American journalists whose outlets covered ANTIFA demonstrations wondered aloud whether in fact they can describe the Tel Aviv rallies as “peaceful.”
Washington, February 2 – The weekly rallies in Tel Aviv and elsewhere demonstrating against the Likud-led government’s stated intention to fundamentally alter the relationship between the judiciary and the other branches of government have featured little or no violence, fires, or other unrest, causing American journalists whose outlets have covered ANTIFA-linked demonstrations in America to wonder aloud whether in fact they can describe the Tel Aviv rallies as “peaceful.”
CNN reported Tenn Denschuss included a voice-over segment in his piece today on the anticipated protest this coming Saturday night, stating, “American viewers might wonder how this network can refer to this ongoing series of demonstrations as ‘mostly peaceful’ when we do not stand in front of burning buildings or cars when using the term,” he acknowledged. “It is one of the strange features of the Middle East, where assumptions and vocabulary that describe the western model of behavior do not apply as automatically or broadly to the local context.”
New York Times journalist Tokken Djiu noted that his experience jived with his CNN colleague’s. “I seldom have trouble zeroing in on the Palestine-flag-toting fringe at any public event,” he observed. “This past week there must have been close to a hundred thousand protesters in Tel Aviv alone. Probably a handful of them were trying to make it about Palestine. But it’s my duty as a New York Times correspondent to support the Palestine-central narrative, so I find them. Not so for the arson and looting, which you’d think would be easier to find – but I can’t. I know it has to be there, somewhere, because that’s what a peaceful protest is. Antifa and our coverage of American protests over the last several years have taught us that.

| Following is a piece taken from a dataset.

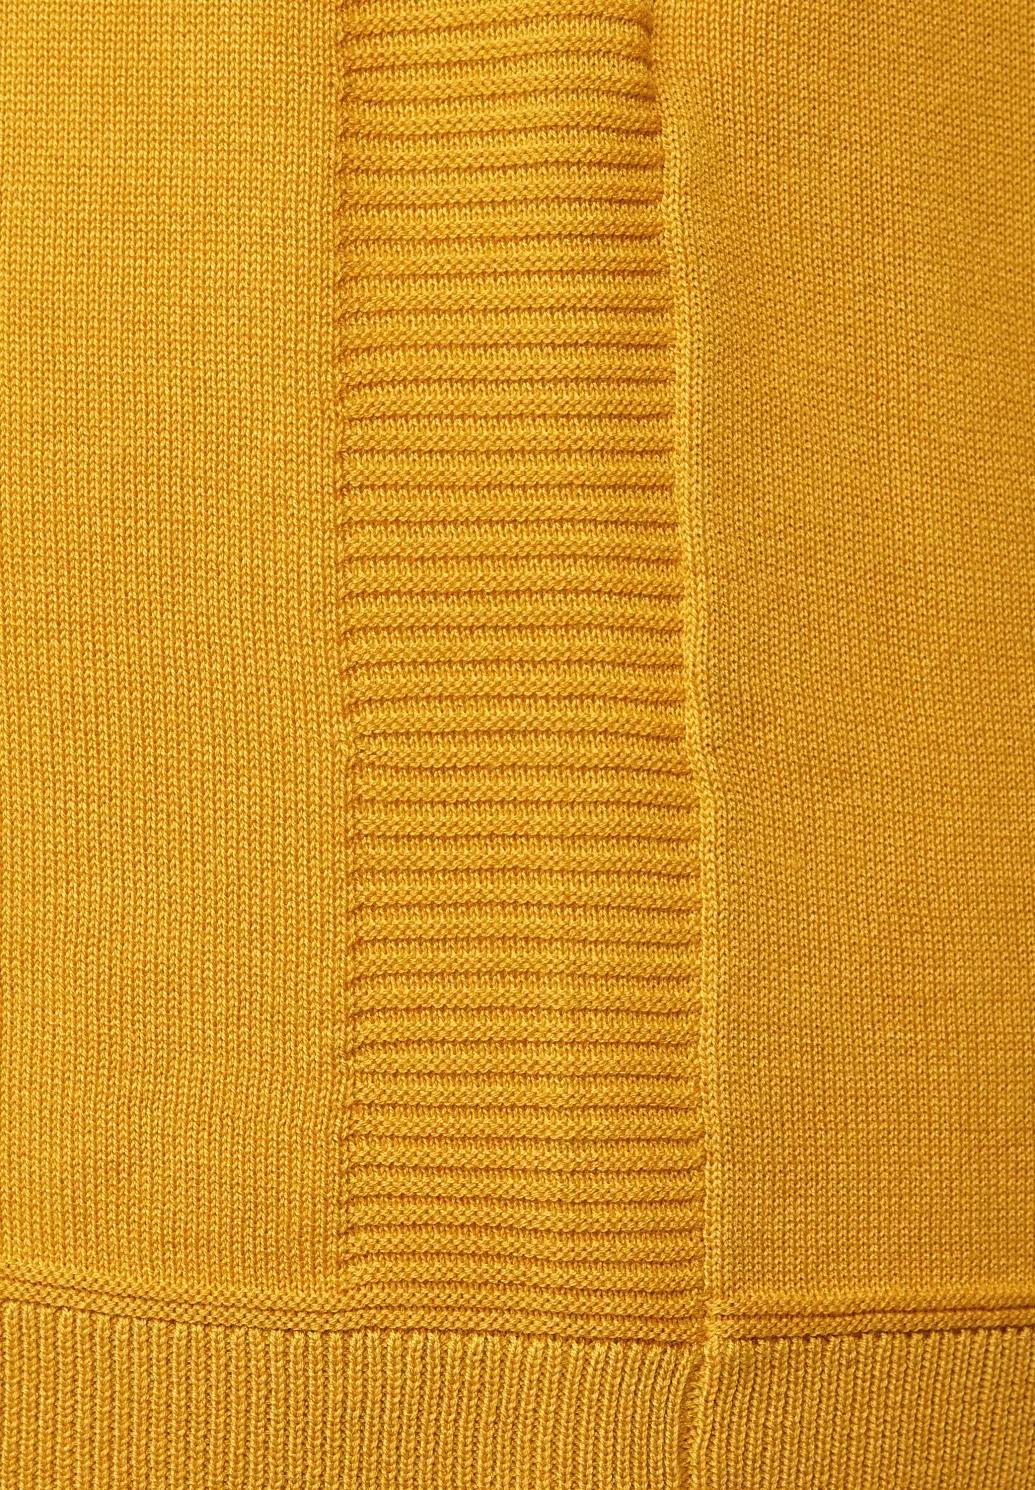 CECIL základný sveter, žlt.

Maybe this coming Saturday night I’ll succeed in locating some.”
Prime Minister Binyamin Netanyahu and his coalition partners have vowed to overhaul the court system to inject more responsiveness to the will of the people in the judicial selection process. His opponents worry that he is attempting to compromise judicial independence. Neither side in the debate accepts the other’s underlying assumptions regarding the very definition of democracy, and therefore of the function of the institutions entrusted to safeguard it; each accuses the other of placing democracy under the control of an undemocratic few. The demonstrations against the move have featured no violence of note, also placing Western journalists in the unfamiliar position of not feeling compelled to ignore or justify violence against Israelis.